Une décision bien acceptée par sa famille en Algérie, et qu’elle ne regrette pas :

«Je ne suis pas pour une religion unique, je prends le meilleur de chaque confession et en rejette tous les mauvais aspects. Je n’ai pas choisi d’être musulmane, tu es automatiquement sunnite si tu nais en Algérie, j’ai juste pris la décision de vivre ma religion librement».

Aujourd’hui, il n’est pas question de faire reconnaître son union dans son pays natal: «Si je viens avec mon certificat de mariage de chrétienne à Alger, khalas [ça suffit en français]! Une sunnite n’a pas le droit d’épouser un chrétien dans mon pays».

Noor a cependant pu faire déclarer sa fille de deux ans et la faire accéder à la double nationalité en profitant de la modification du Code de la famille algérienne en 2005. L’article 44 permet depuis cette date aux mères célibataires de reconnaître leur enfant et de transmettre leur patronyme.
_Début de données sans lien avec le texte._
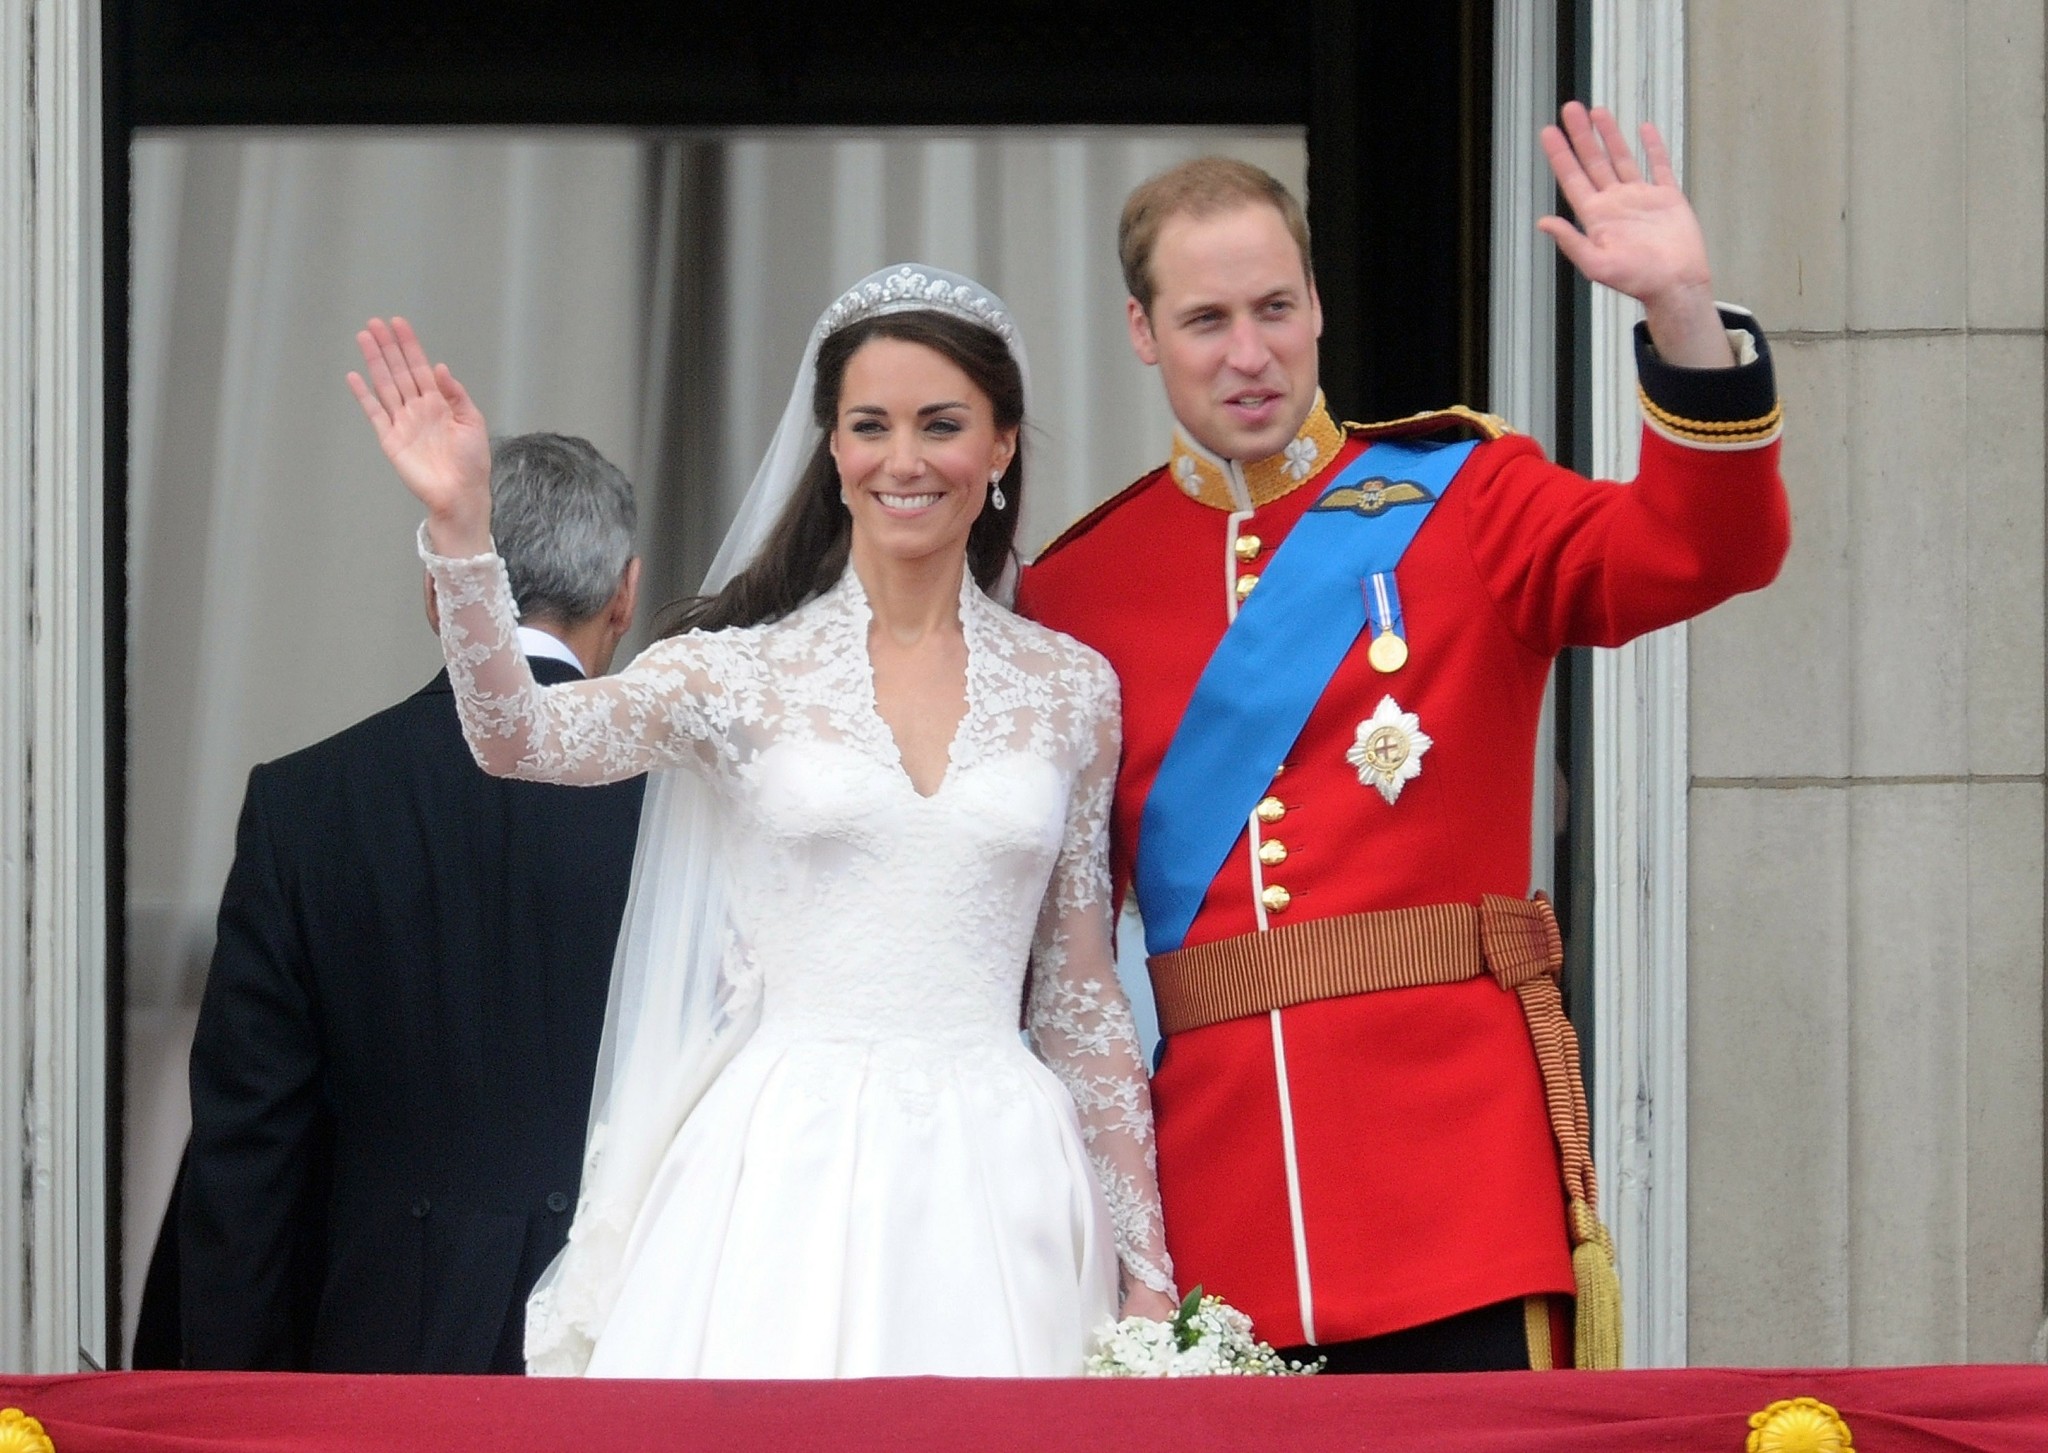 Οι εκθαμβωτικές τιάρες αμύθητης αξίας που φορούν οι γυναίκες της Βρετανικής βασιλικής οικογένειας

Quand elle revient sur cette histoire, elle en sourit:

«Le plus drôle, c’est que nous avons fini par échanger nos religions! Heureusement que nous nous aimions assez, sinon ces problèmes nous auraient séparés».

Le combat pour le mariage civil
Face à ces réalités, de nombreuses Libanaises s’engagent. Le collectif Nasawiya est une organisation féministe qui se bat sur plusieurs fronts pour arriver à obtenir un Etat plus démocratique. Farah, l’une des militantes de Nasawiya, explique:

«Le débat avance, mais les projets de loi concernant les femmes piétinent au Parlement, que ce soit au niveau des violences domestiques, de la nationalité ou du mariage civil».

Le mariage civil, symbole du combat pour la laïcité entrepris il y a deux ans par divers groupes de mobilisation, associations et organisations, semble pour l’instant peu probable:

«Au Liban, on appartient avant tout au groupe. Epouser quelqu’un d’un autre groupe, c’est trahir sa famille, sa société, et les religieux tiennent bon sur cette question».

Laïque Pride
Chaque année, la Laïque Pride réunit tous ces mouvements afin de faire valoir lors d’une marche pacifiste et festive le besoin de liberté et d’ouverture exprimé par les Libanais, jeunes et moins jeunes. Kinda, l’une des organisatrices de la marche, rappelle la Constitution:

«Tous les citoyens libanais sont égaux en droits et en devoirs devant la Loi sans distinction aucune, c’est écrit! Et pourtant ce sont nos communautés religieuses qui dirigent nos droits familiaux, la pression sur les couples mixtes n’est qu’un exemple parmi d’autres, il ne faut pas qu’on lâche».

Et quand ces femmes ne luttent pas, elles vivent, et aiment. «Au final, ce qui importe dans un tel pays, c’est l’ouverture d’esprit de ta famille, tempère Kinda. Tu peux vivre n’importe quelle histoire d’amour si ta famille te soutient, car elle te protège face aux jugements de la société».

Elle-même bisexuelle, elle avoue que venir d’une famille tolérante l’a beaucoup aidée:

«Bien sûr, cela ne t’autorise pas à t’exhiber avec une personne du même sexe dans la rue, mais cela te donne de la force. Et si quelqu’un te demande dans la rue quelle est ta religion, tu peux toujours lui répondre ‘Ma Khassak’ [ce ne sont pas tes oignons en français]».